• [INFORMATION PROVIDED]
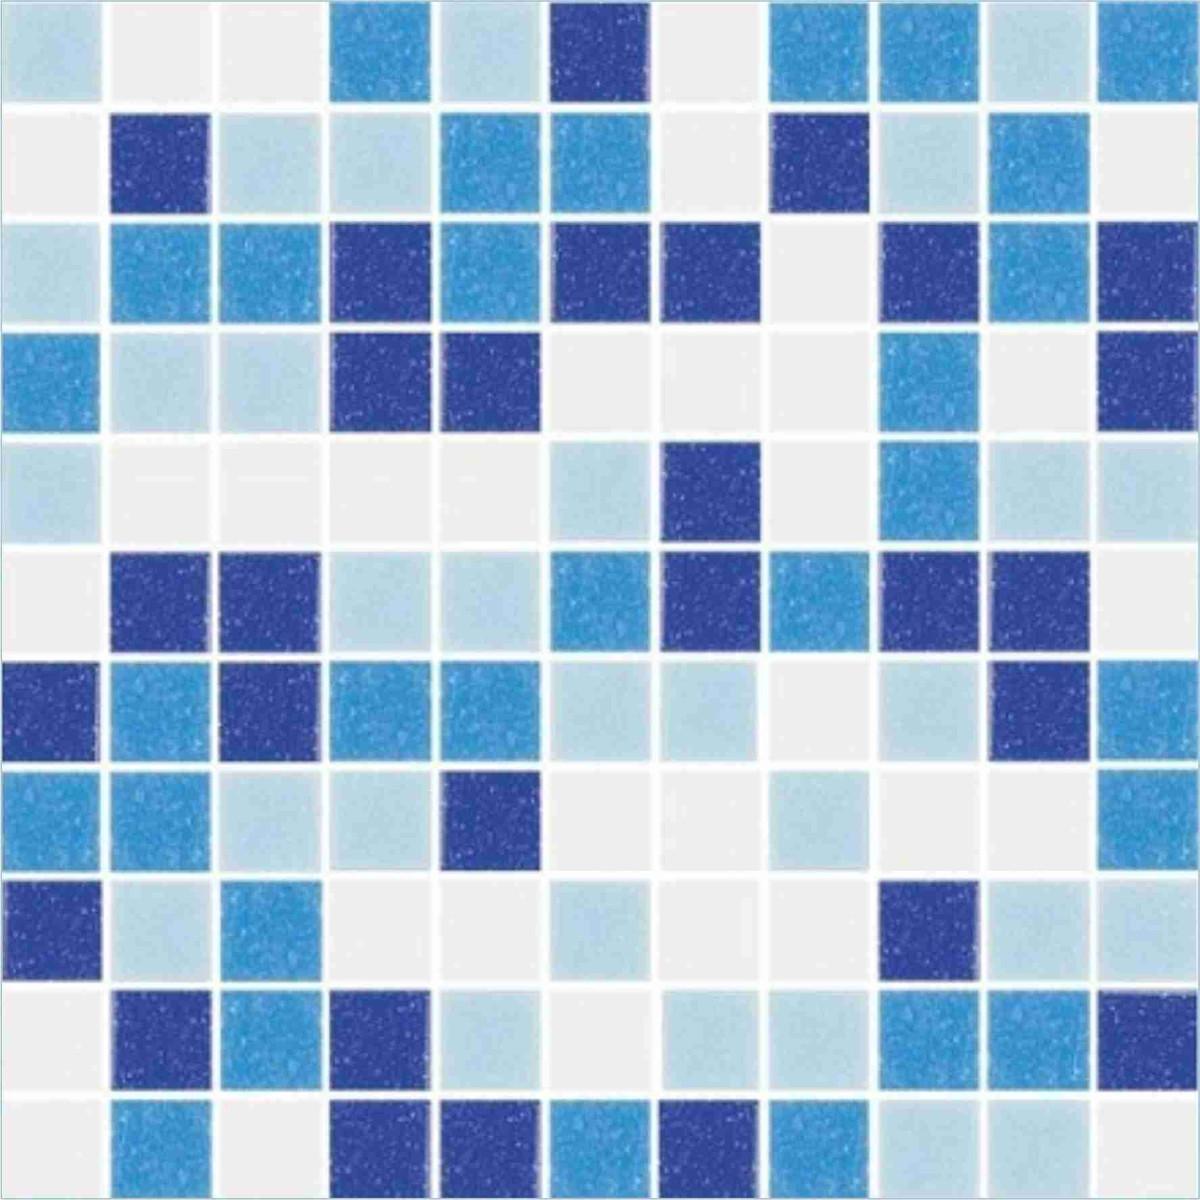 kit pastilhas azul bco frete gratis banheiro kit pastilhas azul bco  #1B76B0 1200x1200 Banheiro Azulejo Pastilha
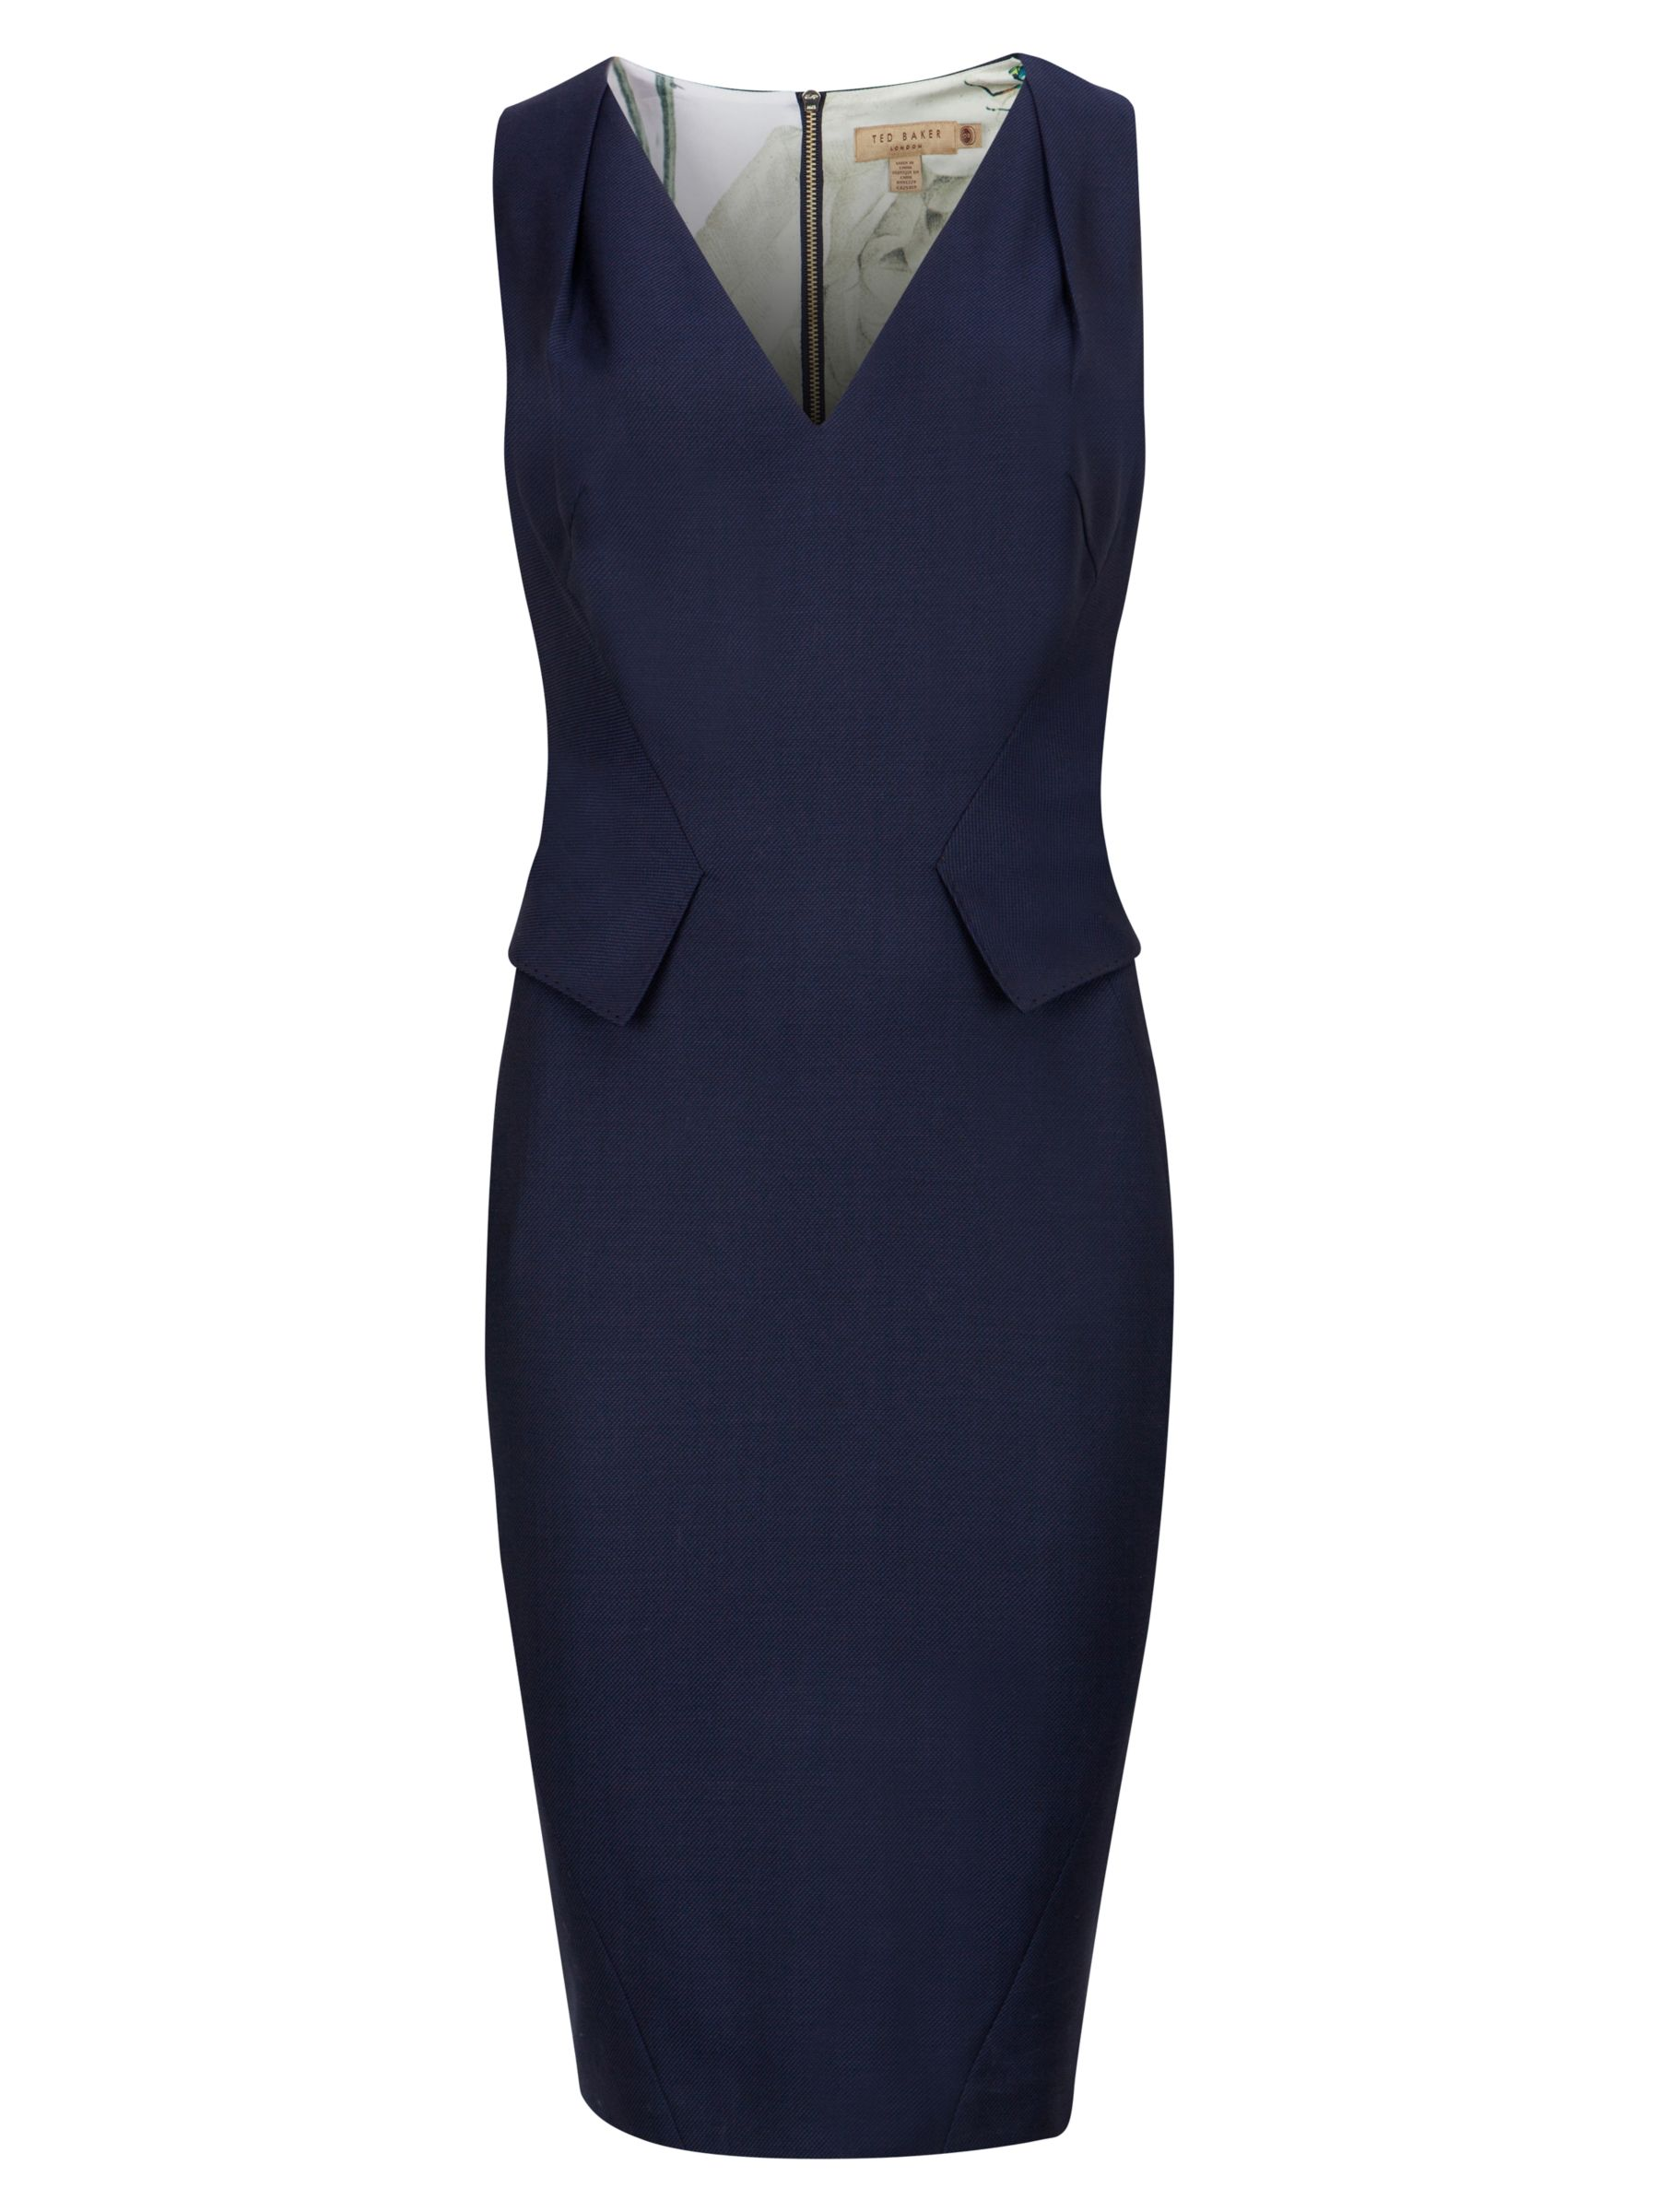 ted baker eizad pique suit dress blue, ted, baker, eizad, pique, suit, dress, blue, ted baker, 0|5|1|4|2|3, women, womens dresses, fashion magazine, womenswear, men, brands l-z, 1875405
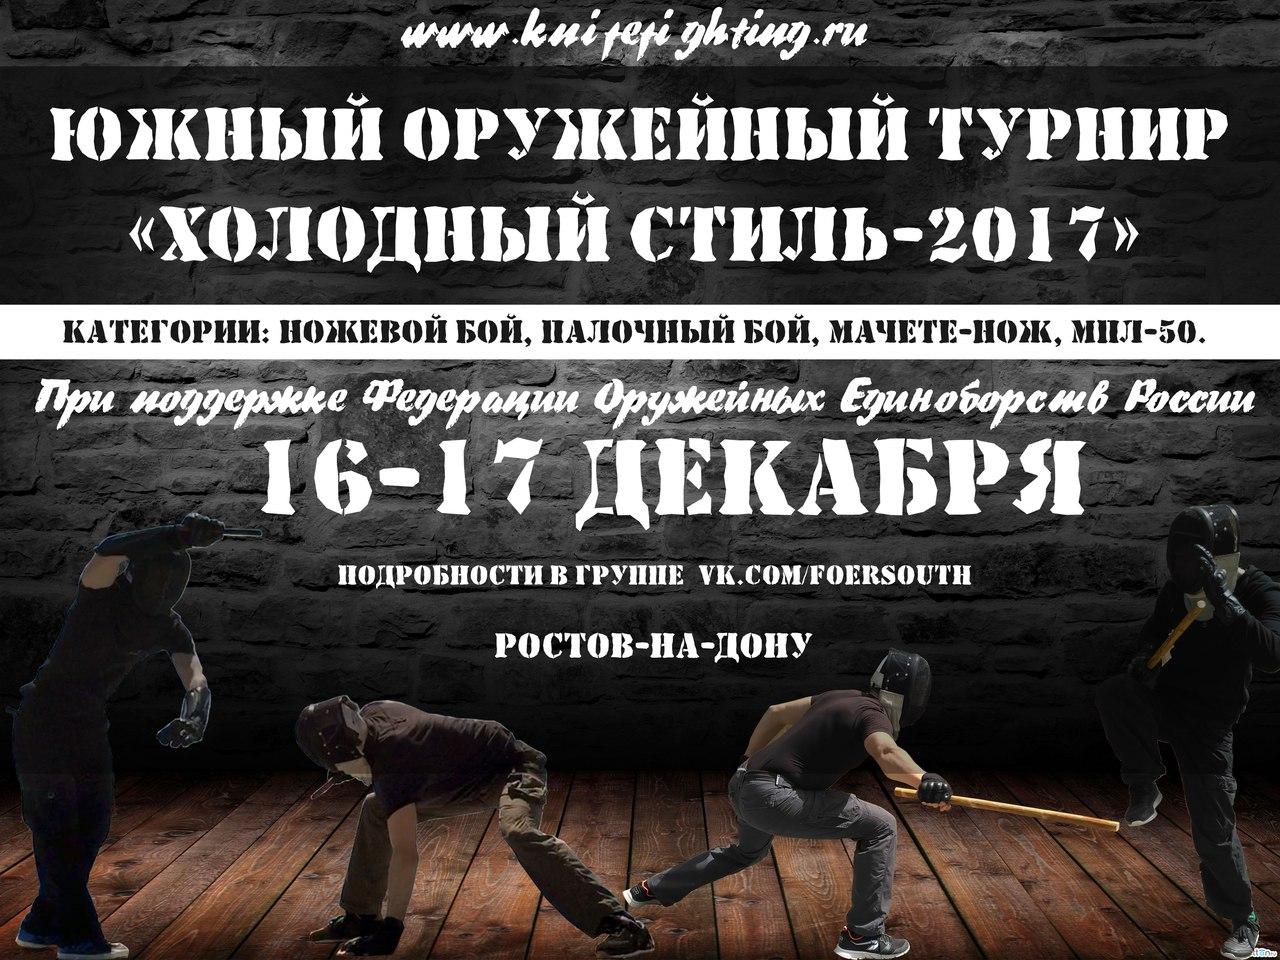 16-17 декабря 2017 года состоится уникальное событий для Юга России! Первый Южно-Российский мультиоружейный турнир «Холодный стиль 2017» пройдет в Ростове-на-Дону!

• [WHAT IS BEING ASKED]
When you copy the listing, keep every line exactly as it is but leave out all images.

• [EXERCISE RESPONSE]
 kit pastilhas azul bco frete gratis banheiro kit pastilhas azul bco  #1B76B0 1200x1200 Banheiro Azulejo Pastilha
 ted baker eizad pique suit dress blue, ted, baker, eizad, pique, suit, dress, blue, ted baker, 0|5|1|4|2|3, women, womens dresses, fashion magazine, womenswear, men, brands l-z, 1875405
 16-17 декабря 2017 года состоится уникальное событий для Юга России! Первый Южно-Российский мультиоружейный турнир «Холодный стиль 2017» пройдет в Ростове-на-Дону!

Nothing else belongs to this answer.